Today Kiwoko is known locally for the hospital which provides the highest level of health care available for many miles around. It was started by a Christian physician from Northern Ireland who visited the area in the immediate aftermath of the violence of the 80’s and felt led to establish a health center and provide care to the traumatized and medically under-resourced area. From a small health center, it has grown to a hospital with 230 beds, providing OB, surgical, medicine and Peds care to thousands of Ugandans a year. The physician staff is a mix of Ugandan and expatriates and an ever-rotating group of visiting expatriate med students, nurses and resident physicians. Currently in the guest house where I’m staying there’s a Brit, two Germans and myself.

Internet access has been spotty here but hopefully I'll be able to post a little more regularly this week. Occasionally however the internet goes down in the whole country so that makes blogging a little bit harder.

Monday, February 20, 2012

Splashdown

The flat snow-covered plains of France swept by underneath the plane mile after mile as I gazed out the window on the flight south from London to Entebbe. Suddenly the farmland was replaced by the sharp teeth of the Pyrenees which guarded the passage to the sunny climes of Spain. The Mediterranean next came into view followed by my first glimpse of Africa which was unexpected to say the least. Looking down as the coast came into view, I saw the shoreline rise up to a range of snow-covered mountains that extended many miles from the coast. After all my mental imagery of Africa as the land of the steamy jungle and hot desert sands it was surprising to see North Africa with significant amounts of snow and looking quite wintery to say the least. Eventually though the Sahara won out and the snowy ranges gave way to hours upon hours of sand and darkness fell.

Flying into a new third world country at night is always a bit of a disconcerting thing I have found, whether you experience the unsettled feeling before the fact or when you actually arrive. Coming into a poorer seemingly less safe country alone where you don't know the language, geography, or customs always seems to provoke some moment of anxiety during the preparations for the trip when some of your worst fears float in and out subconsciously and you picture yourself being mugged by thugs as soon as you step outside the door.

This moment came and went a few days before I left on this trip and as our plane banked over Lake Victoria to land in Entebbe I had no apprehension only a desire to get off the plane after too many hours of being stationary. Two hours later, after unsuccessfully searching for my bags that decided to stop and see the sights of London, I was riding in a taxi breathing in the humid air of Lake Victoria with a moon hanging languidly in the midnight sky amazed that I was actually in Africa.

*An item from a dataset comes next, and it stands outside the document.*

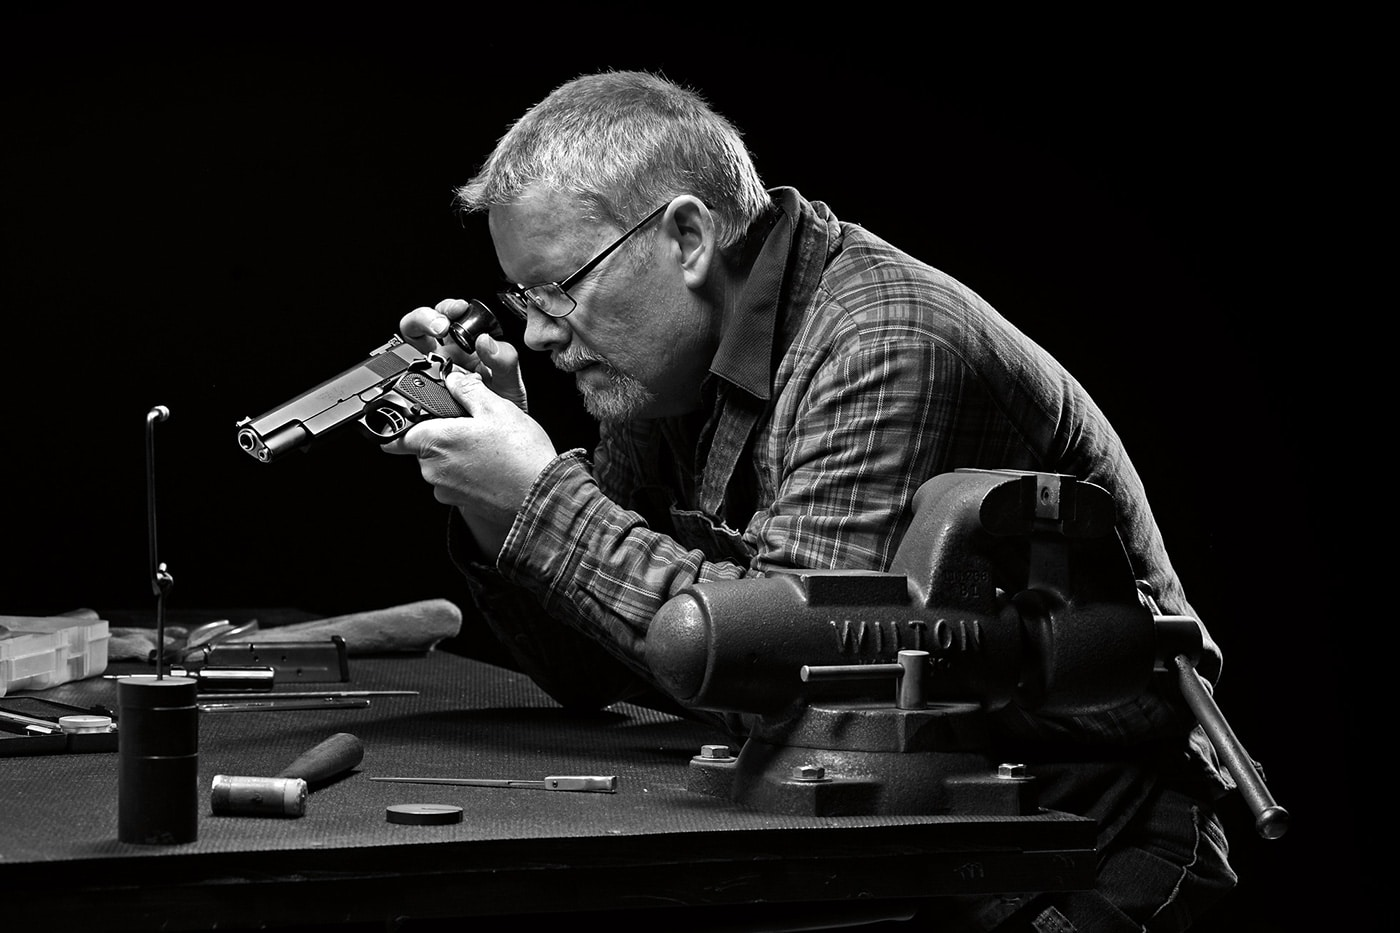 Springfield employee fixing a gun

Wednesday, February 8, 2012

3 days until launch

It's Wednesday evening in Winston-Salem and time to get this blog started with an inaugural post. My flight leaves for Entebbe on Saturday afternoon and I've been scrambling around trying to get all the loose ends tied up before heading out. One of those loose ends is this blog which is required for my rotation, and will provide me with a good forum to share some of my experiences. I'm headed to Kiwoko Hospital in Kiwoko Uganda which is a couple hours north of the capital of Kampala. It's a fairly large hospital (250 beds) in a rural setting about 20K from the nearest town of Luweero which has a population of 30000 or so. For those who don't remember where Uganda is, it's in the heart of Africa and has the Equator running right through it. Kenya is on the east, Sudan to the north, Congo to the west and Lake Victoria/Rwanda/Tanzania to the south. Anyway more to come once my feet hit the red dirt of Uganda!